Había sido un verano largo y tenso, en el que su padre había pasado más tiempo en el trabajo que en casa, a veces sin dormir en su cama durante dos o tres noches seguidas. De todas formas, a menudo le resultaba difícil regresar a casa cuando caía la noche, porque habían quitado todas las señales de tráfico para confundir a los alemanes si los invadían y, en más de una ocasión, el padre de David se había perdido a plena luz del día, por lo que, si intentaba conducir de noche con los faros apagados, ¿quién sabía adonde podía ir a parar?
A Rose le resultaba difícil la maternidad. David se preguntaba si a su madre le habría costado tanto, si él había sido tan exigente como Georgie parecía ser, pero esperaba que no. El estrés de la situación había hecho que Rose cada vez tuviese menos tolerancia con David y su comportamiento. Ya casi no hablaban entre ellos, y el niño se daba cuenta de que su padre empezaba a perder la paciencia con los dos. La noche anterior, en la cena, Rose se había tomado como insulto un comentario inocuo de David, y los dos habían iniciado una discusión, lo que hizo que el padre de David explotara.

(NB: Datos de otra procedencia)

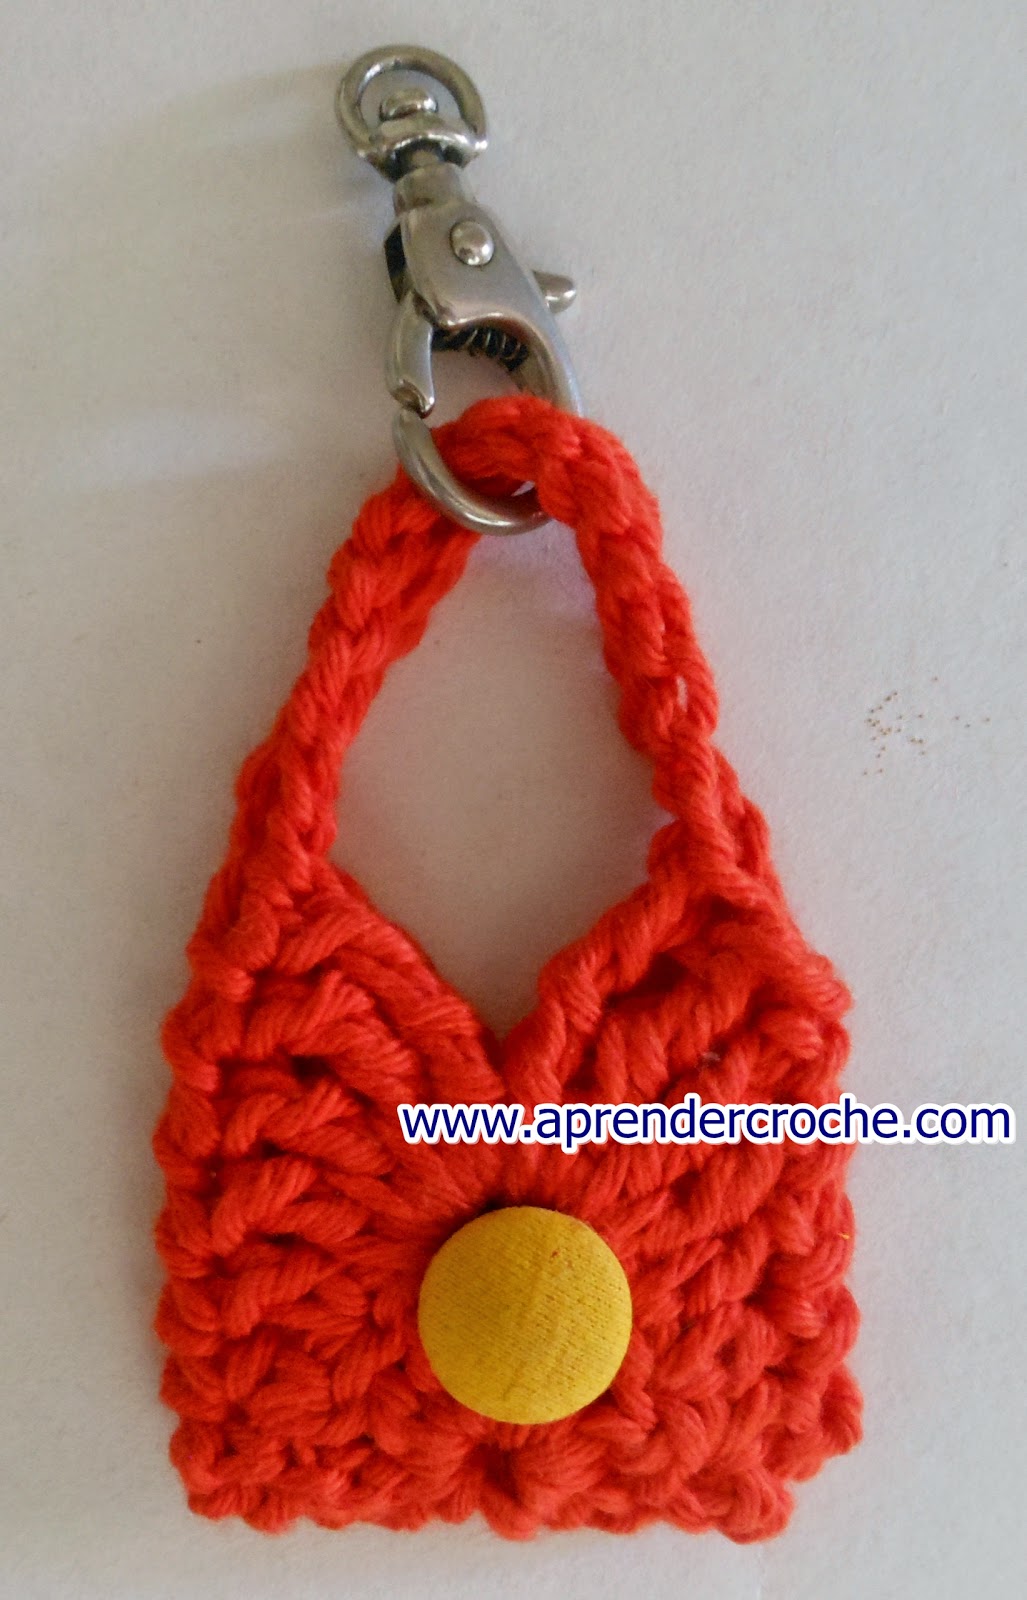 aprender croche com mini bolsas para chaveiros lembrancinhas ou decoração

– ¿Por qué no podéis encontrar la forma de llevaros bien, por amor de Dios? -gritó-. No vengo a casa para esto. Si quisiera más tensión y gritos, me quedaría en el trabajo.
Georgie, que estaba sentado en su trona, empezó a llorar.
– Mira lo que has hecho -dijo Rose, tirando la servilleta en la mesa y acercándose a Georgie.
– Así que ahora es culpa mía -protestó el padre de David, ocultando la cara entre las manos.
– Bueno, mía no es -contestó Rose, y los dos miraron simultáneamente a David.
– ¿Qué? -exclamó él-. Me culpáis a mí, ¿no? ¡Pues vale!
Se levantó de la mesa hecho una furia y dejó la cena sin acabar. Todavía tenía hambre, pero el estofado era casi todo de verduras, con algunos desagradables trozos de salchicha barata para romper la monotonía. Sabía que tendría que comerse el resto al día siguiente, pero no le importaba, porque era imposible que el sabor empeorase. Mientras caminaba hacia su dormitorio, esperaba oír la voz de su padre exigiéndole que regresase para terminar su comida, pero nadie lo llamó. Se dejó caer en la cama, deseando que acabasen las vacaciones de verano. Le habían encontrado sitio en un colegio no muy lejos de la casa, y estaba seguro de que aquello sería mejor que pasar todos los días con Rose y Georgie.
David ya no veía tan a menudo al doctor Moberley, sobre todo porque nadie tenía tiempo para llevarlo a Londres. En cualquier caso, los ataques habían cesado, o eso parecía. Ya no se caía al suelo, ni se desmayaba, pero algo más extraño y perturbador le estaba sucediendo, algo todavía más raro que los susurros de los libros, a los que David se había ido acostumbrando.
Había empezado a soñar despierto. No sabía explicarlo de otra forma, porque era como esos momentos a última hora de la noche en los que, mientras lees o escuchas la radio, te sientes tan cansado que te duermes por un instante y empiezas a soñar, salvo que no te das cuenta de que te has dormido, así que, de repente, el mundo se vuelve muy extraño. David estaba jugando en su cuarto, leyendo o caminando por el jardín, y todo empezaba a brillar: las paredes desaparecían, el libro se le caía de las manos y el jardín se convertía en colinas y altos árboles grises. Se encontraba en un lugar distinto, un sitio crepuscular lleno de sombras y vientos fríos, con el aire cargado del olor de los animales salvajes. A veces oía voces que, de algún modo, le resultaban familiares, ya que lo llamaban; pero, en cuanto intentaba concentrarse en ellas, la visión terminaba y regresaba a su propio mundo.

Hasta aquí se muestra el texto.